For database-level supplemental logging, you will run the following commands on the database instance:

  1. Run the following command to enable Force Logging.
ALTER DATABASE FORCE LOGGING
  1. Run the following command to enable PRIMARY KEY logging.
ALTER DATABASE ADD SUPPLEMENTAL LOG DATA (PRIMARY KEY) COLUMNS

Alternatively, you can enable ALL column logging.

ALTER DATABASE ADD SUPPLEMENTAL LOG DATA (ALL) COLUMNS

For table-level supplemental logging, Force Logging is not required. To enable table-level logging you will do the following:

  1. For PRIMARY KEY logging use the following command.
ALTER TABLE <TABLE_NAME> ADD SUPPLEMENTAL LOG DATA (PRIMARY KEY) COLUMNS

Alternatively, for ALL Column logging use the following command.

ALTER TABLE <TABLE_NAME> ADD SUPPLEMENTAL LOG DATA (ALL) COLUMNS

If table-level logging is enabled, Force Logging should not be enabled as it is used for database-level logging only.

ALTER DATABASE FORCE LOGGING
ALTER SYSTEM SWITCH LOGFILE
  1. Grant access to the following permissions as they would be required.
GRANT SELECT ON gv_$instance TO $USERNAME;
GRANT SELECT ON gv_$PDBS TO $USERNAME;
GRANT SELECT ON gv_$log TO $USERNAME;
GRANT SELECT ON gv_$database_incarnation to $USERNAME;

Step 5: Set Up The Global Permissions

Global permissions can either be granted as One-Time Access or as Continuous Access.
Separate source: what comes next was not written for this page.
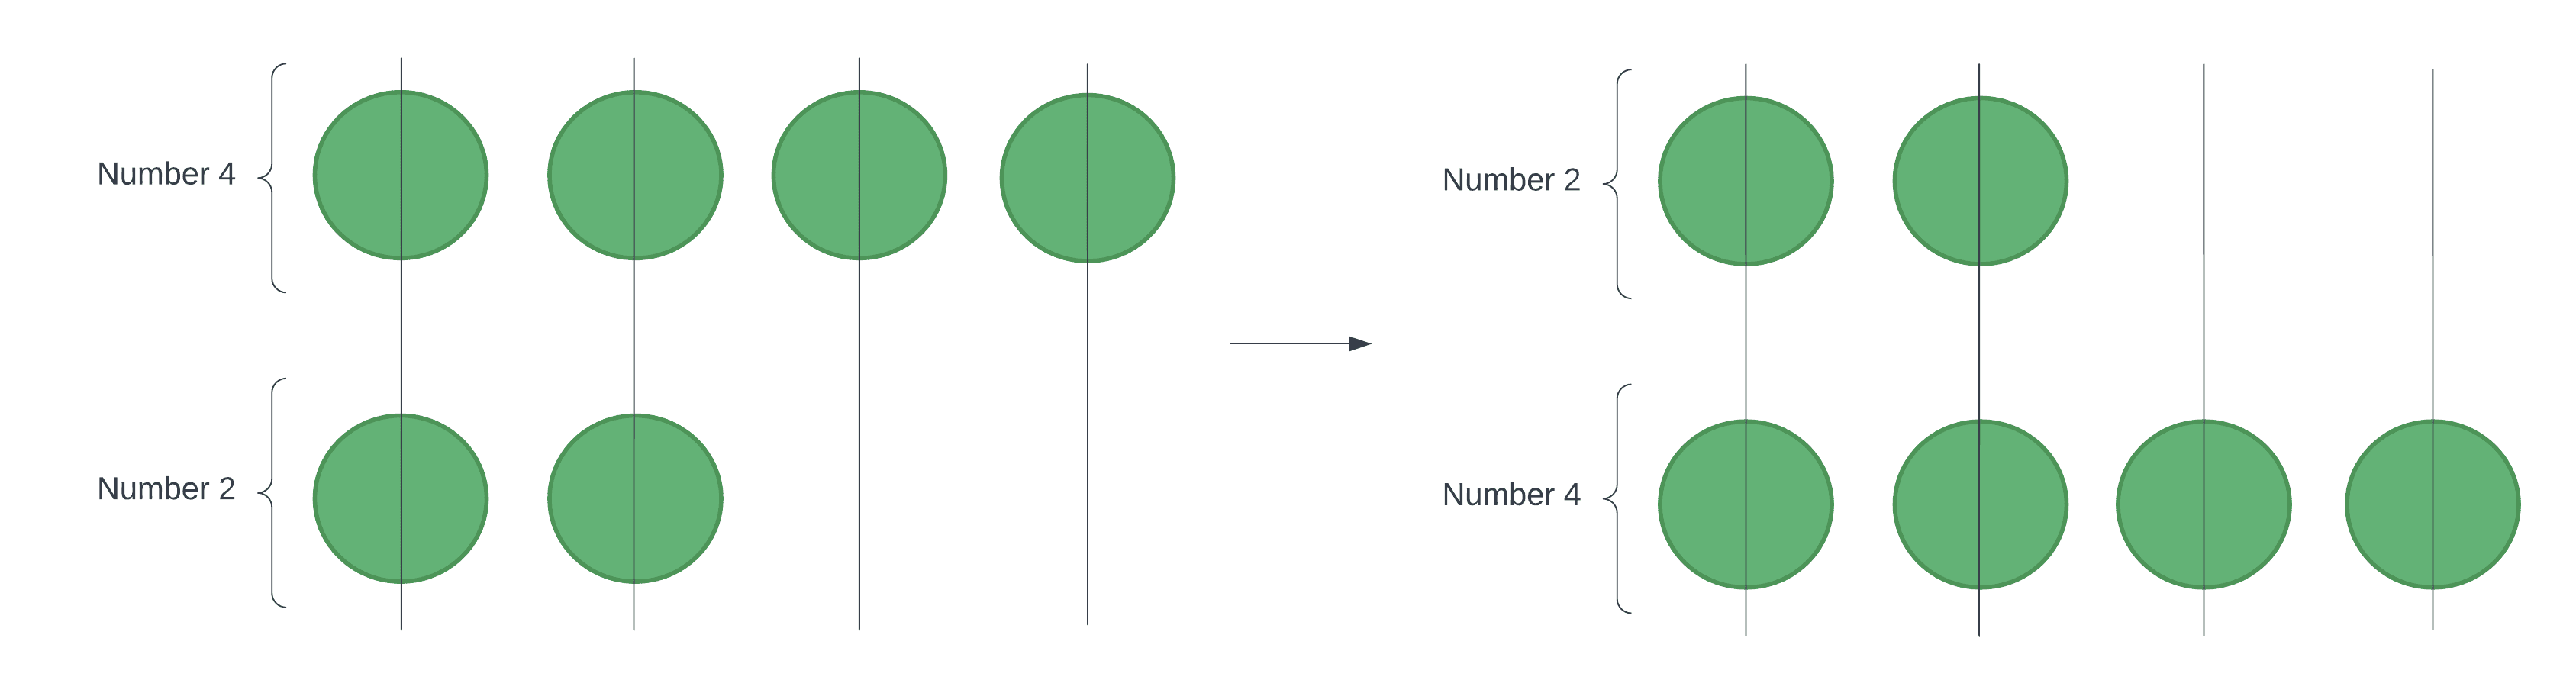 Gravity Sort in Java Diagram

One-Time Access is only needed for the initial data snapshot and for re-init operations where snapshots are taken for newly added tables. One-Time Access permission can be revoked after the necessary operations are completed. 
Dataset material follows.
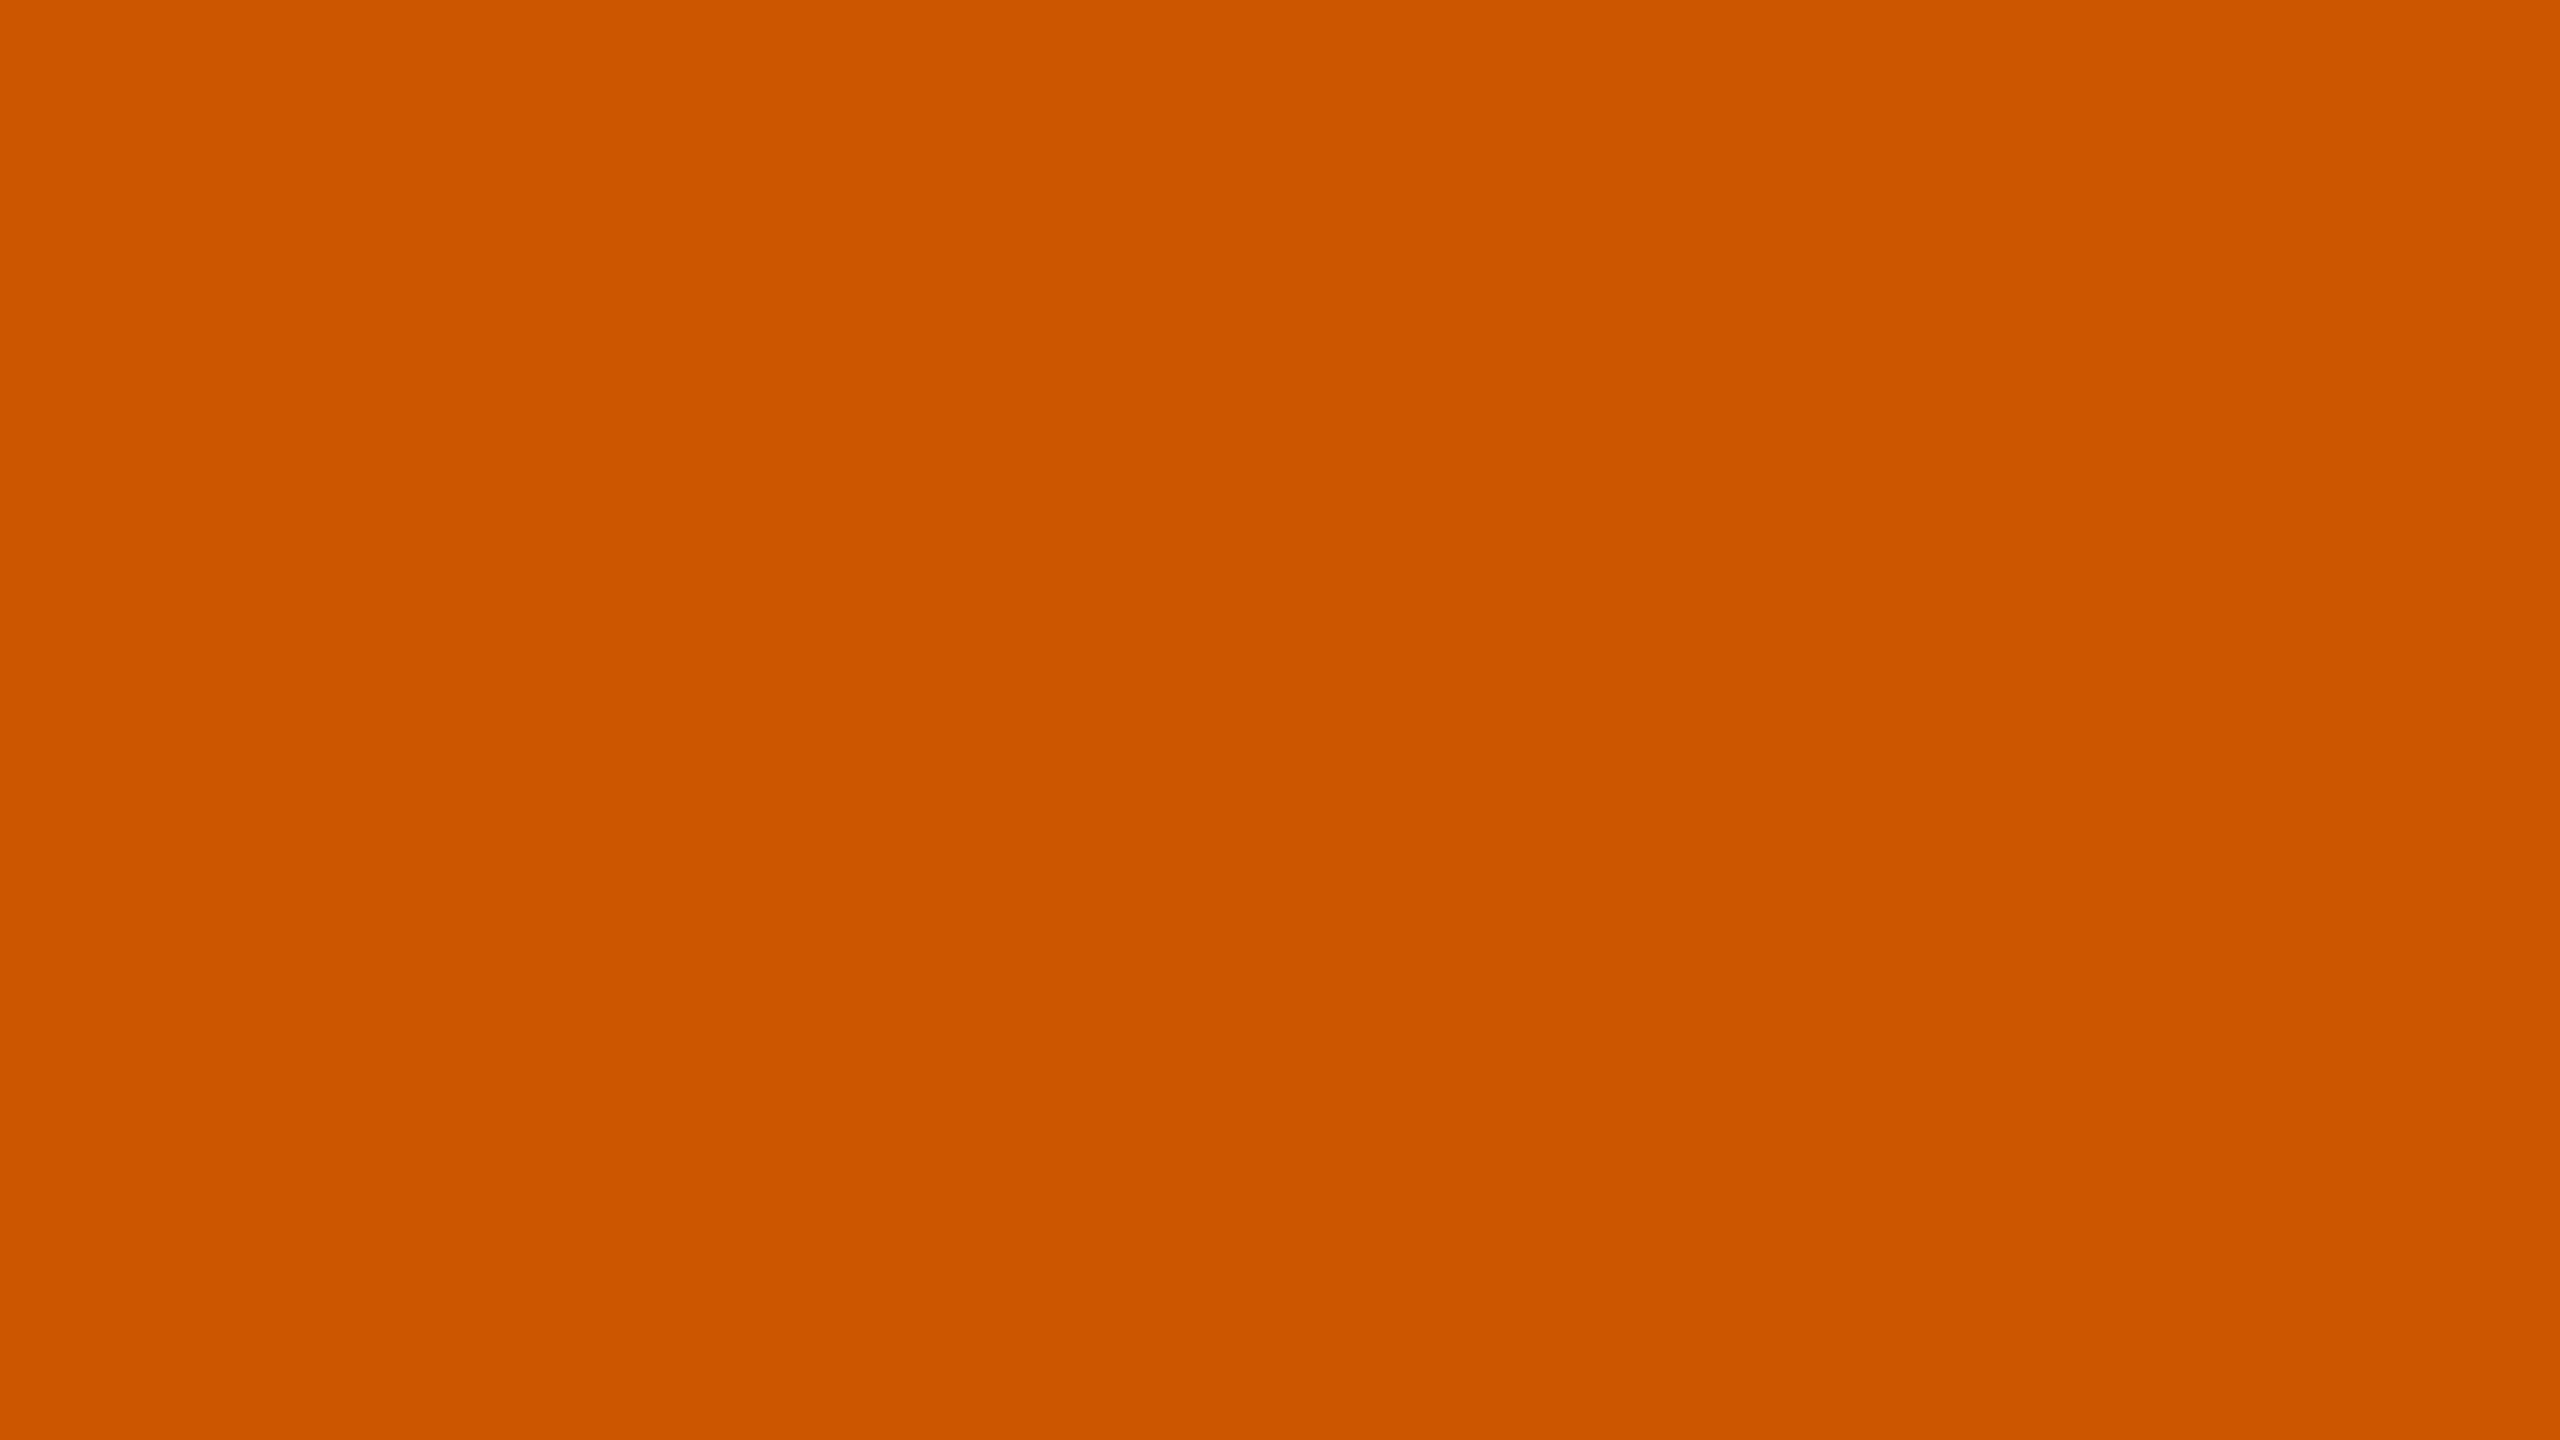 2560 x 1440 · jpeg - Burnt Orange Wallpaper - WallpaperSafari

On the other hand, Continuous Access permissions are given and required throughout any replication process for it to work correctly. To set up continuous access, follow the steps listed below to enable the global permissions needed for replication to work.

  1. For One-Time Access, run the following command to provide the correct privileges.
GRANT SELECT ON DBA_SEGMENTS TO <USERNAME>;
  1. For Continuous Access permissions, run the following command to grant needed access.
GRANT SELECT ON gv_$database TO <USERNAME>;
GRANT SELECT ON gv_$transaction TO <USERNAME>;
GRANT SELECT ON gv_$session TO <USERNAME>;--Not required for replicant release 20.8.13.7 and above
  1. Grant the following continuous access permissions for the tables involved in the replication or enable flashback for all tables.
GRANT FLASHBACK ON <TABLE_NAME> TO <USERNAME>;

Alternatively, you can grant continuous access permission to all tables using the following command.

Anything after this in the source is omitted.